- _Task description_
Reproduce the listing exactly. Omit pictures.

- _Raw data_
((

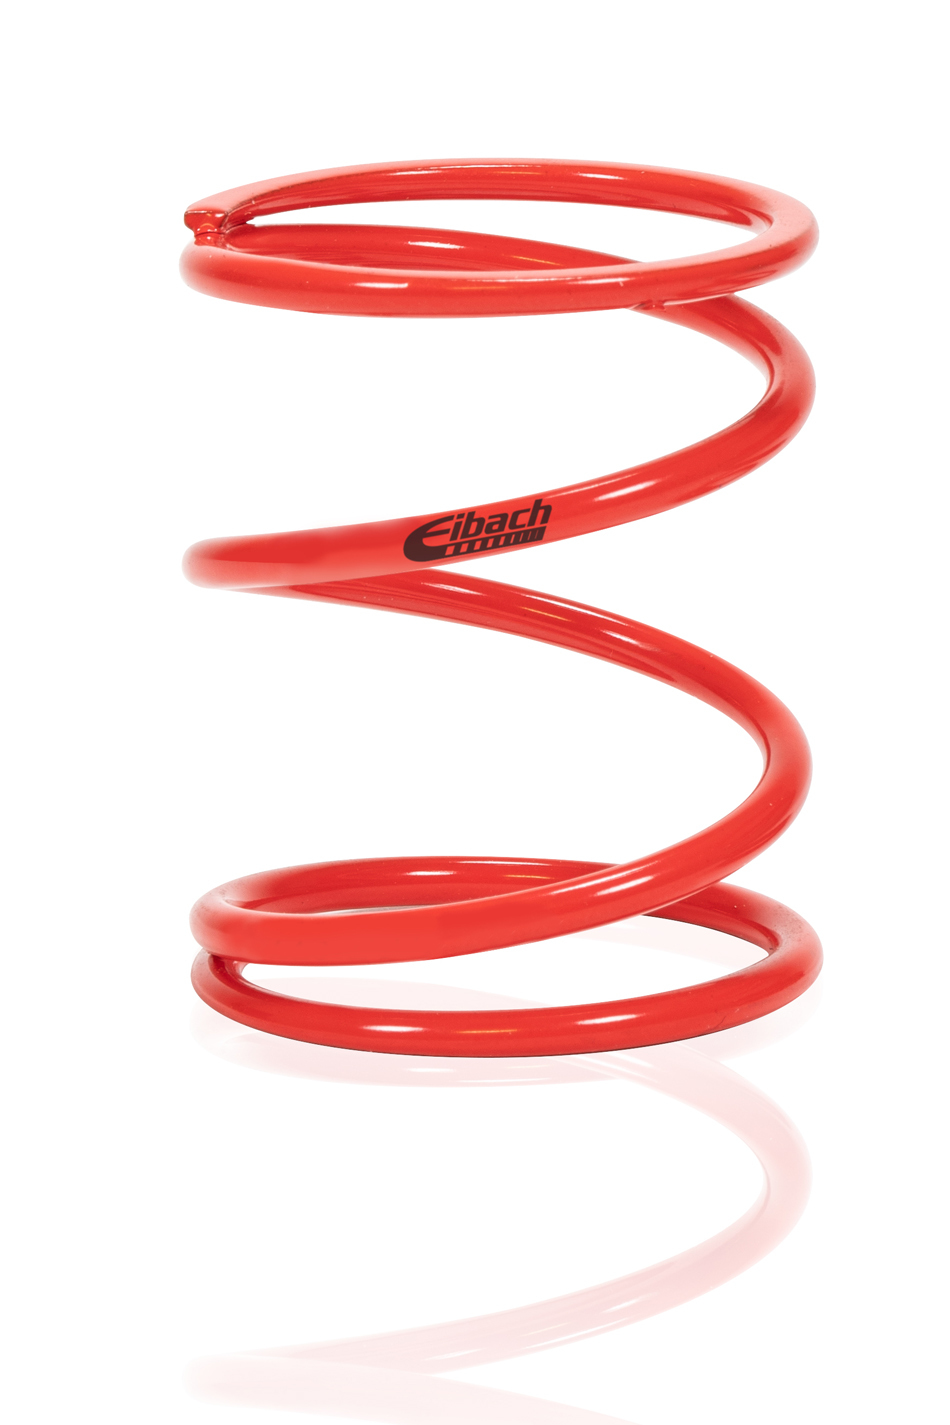 Eibach 0225.200.0150 Coil Spring, Barrel, Coil-Over, 1.360 in ID, 2.2500 in Length, 150 lb/in Spring Rate, Steel, Red Powder Coat, Each
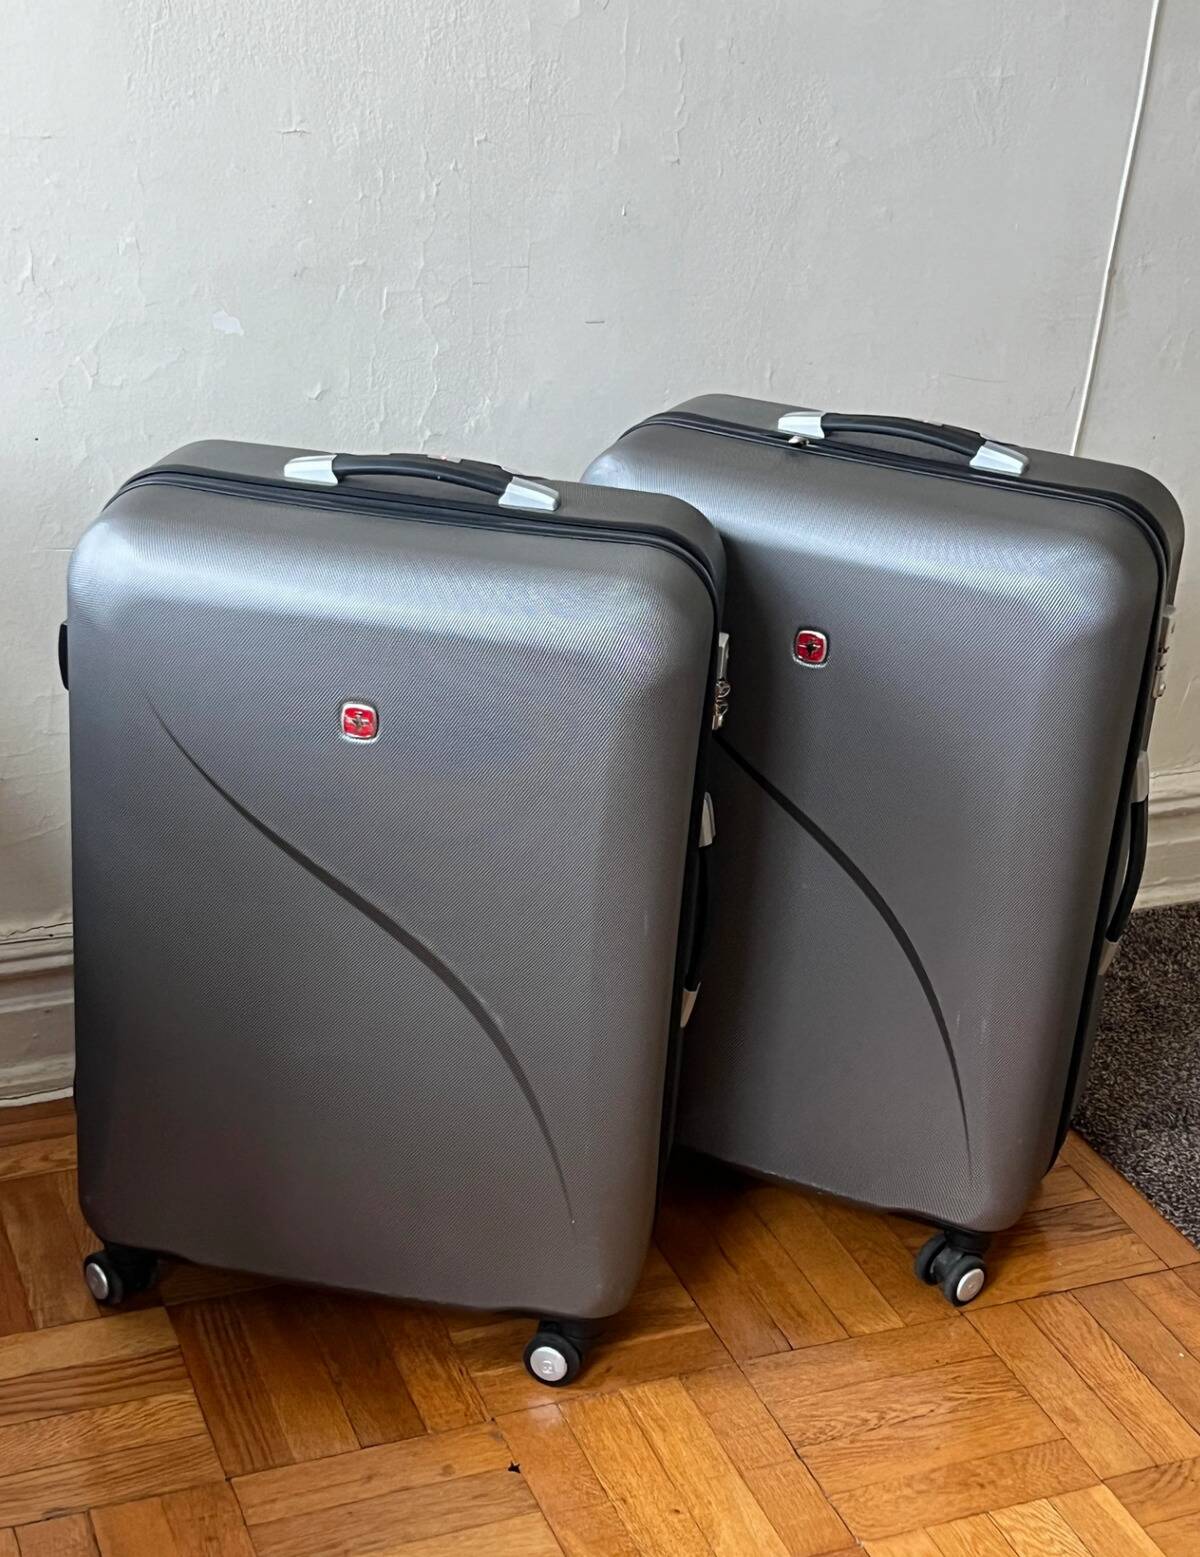 <p>Although <i>Expert World Travel</i> felt it would be misleading to call SwissGear's luggage the most high-quality product on the market, they nonetheless noted that people can do much worse at the brand's price point. There is also a range of options within the brand.</p> <p>For instance, someone could spend about $120 to get a suitcase coated in ABS plastic for more affordable travel. However, those who aren't willing to take the risk that this will hold during handling can spring for a much more durable polycarbonate case for $180.</p>
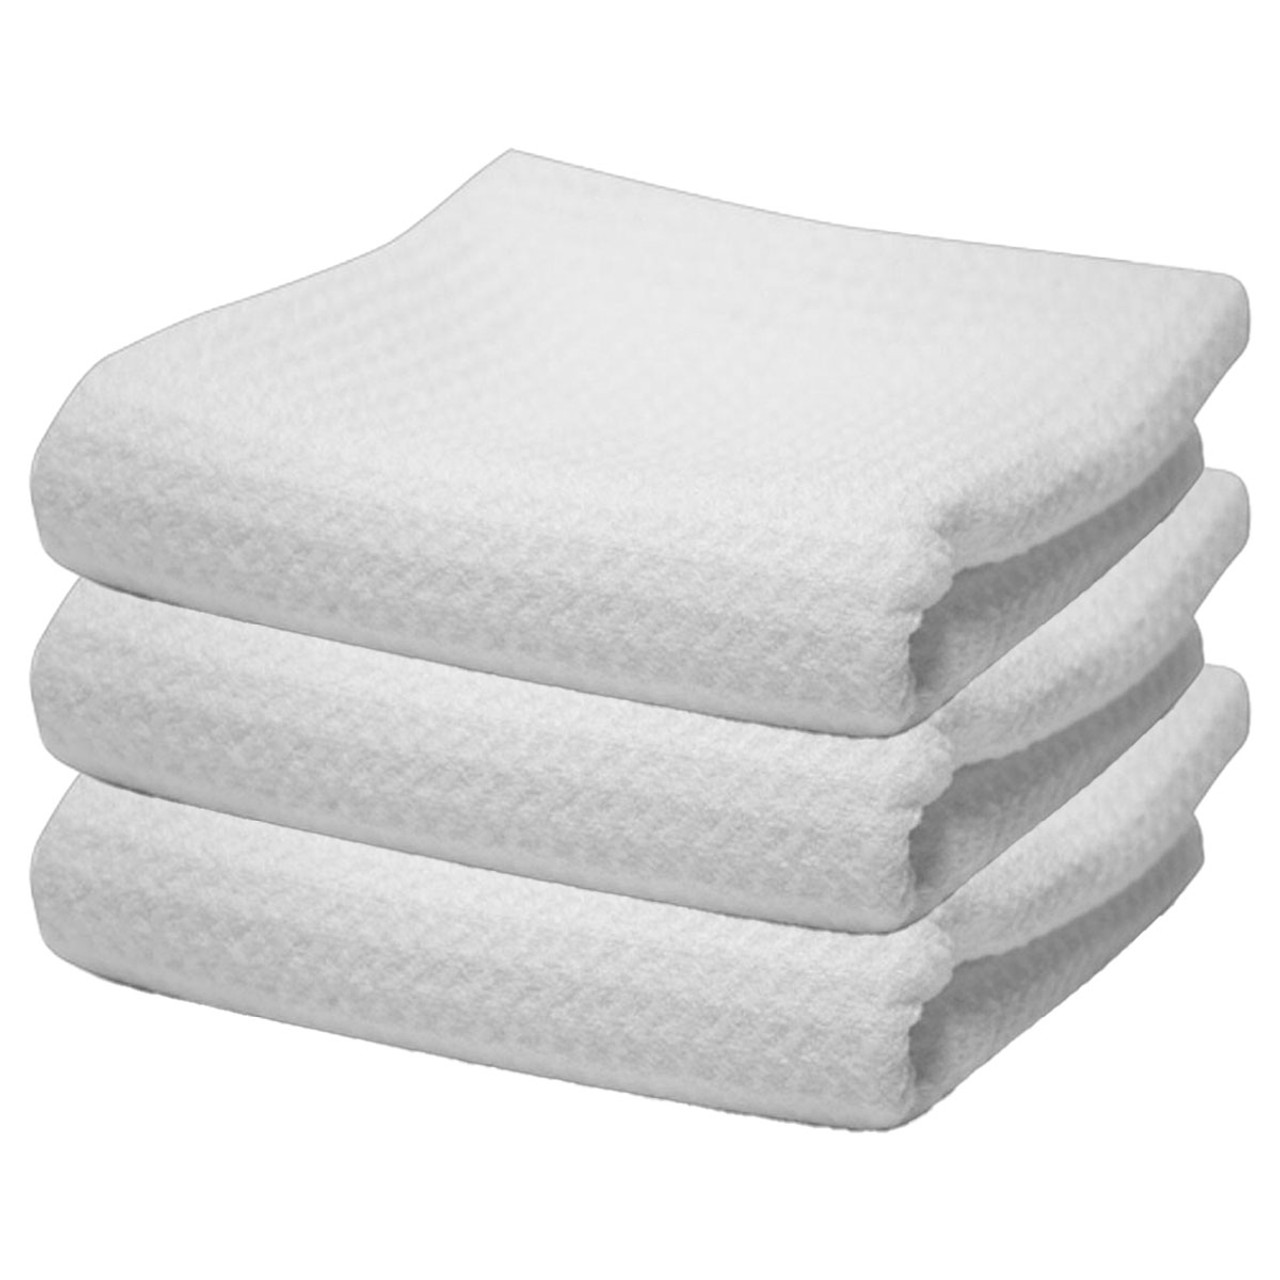 The Cobra Waffle Weave Microfiber Glass Towel cleans & buffs glass to  crystal clarity with the soft texture of genuine Cobra microfiber.
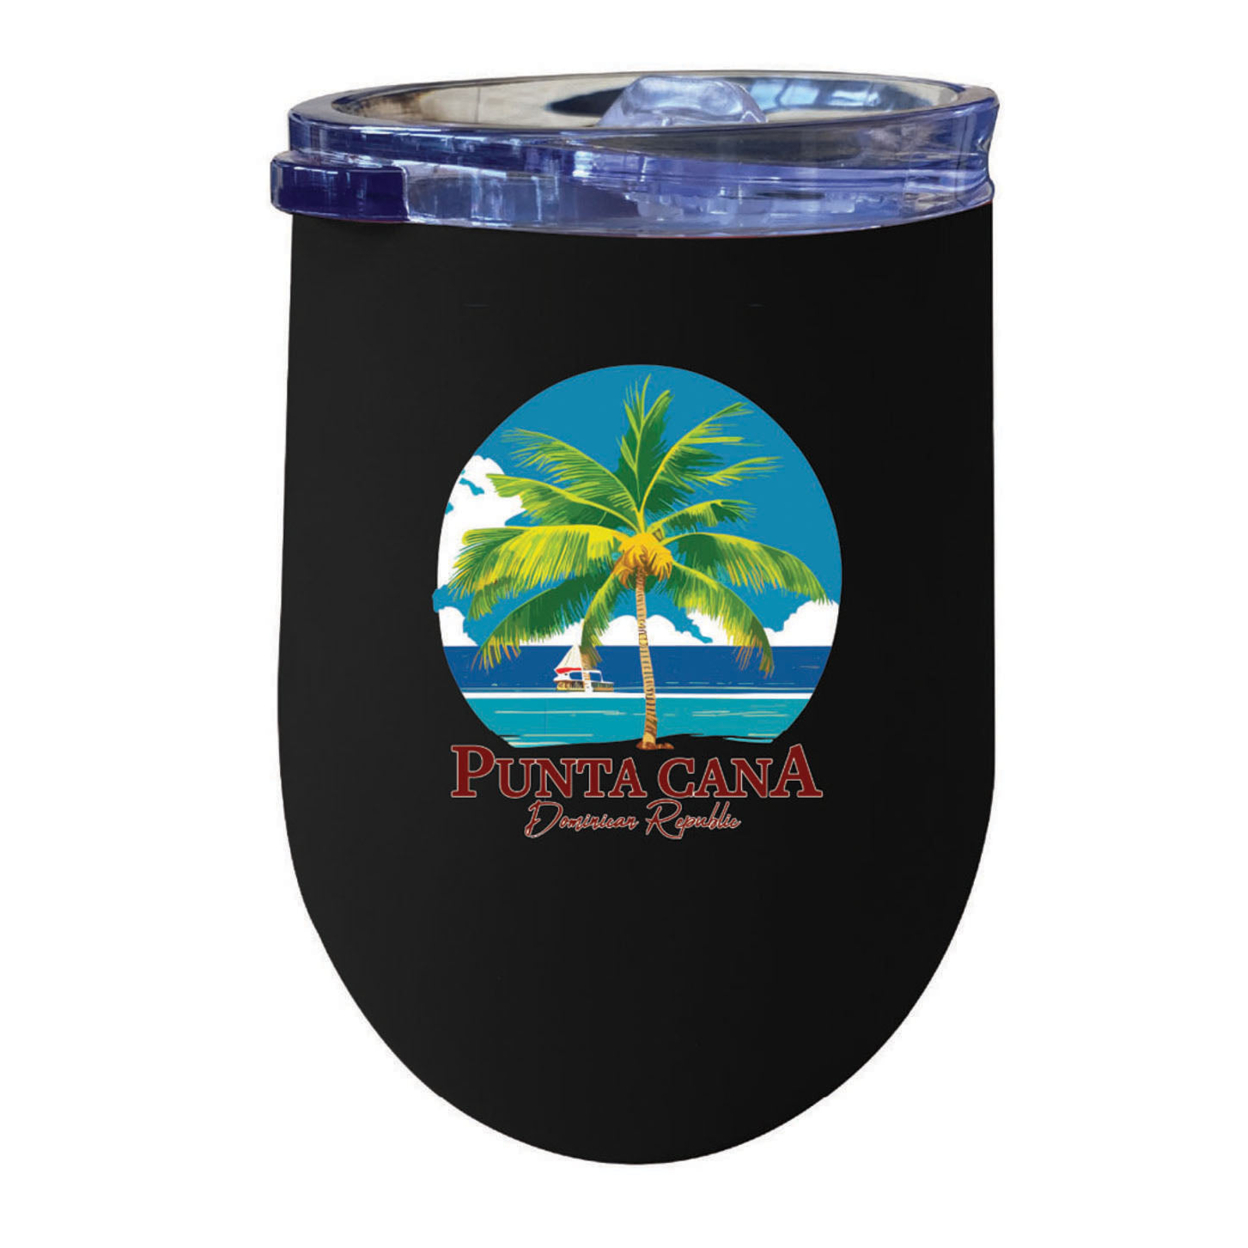 Punta Cana Dominican Republic Souvenir 12 Oz Insulated Wine Stainless Steel Tumbler - Coral, PARROT B

))

- _Answer to this task_
 Eibach 0225.200.0150 Coil Spring, Barrel, Coil-Over, 1.360 in ID, 2.2500 in Length, 150 lb/in Spring Rate, Steel, Red Powder Coat, Each
 <p>Although <i>Expert World Travel</i> felt it would be misleading to call SwissGear's luggage the most high-quality product on the market, they nonetheless noted that people can do much worse at the brand's price point. There is also a range of options within the brand.</p> <p>For instance, someone could spend about $120 to get a suitcase coated in ABS plastic for more affordable travel. However, those who aren't willing to take the risk that this will hold during handling can spring for a much more durable polycarbonate case for $180.</p>
 The Cobra Waffle Weave Microfiber Glass Towel cleans & buffs glass to  crystal clarity with the soft texture of genuine Cobra microfiber.
 Punta Cana Dominican Republic Souvenir 12 Oz Insulated Wine Stainless Steel Tumbler - Coral, PARROT B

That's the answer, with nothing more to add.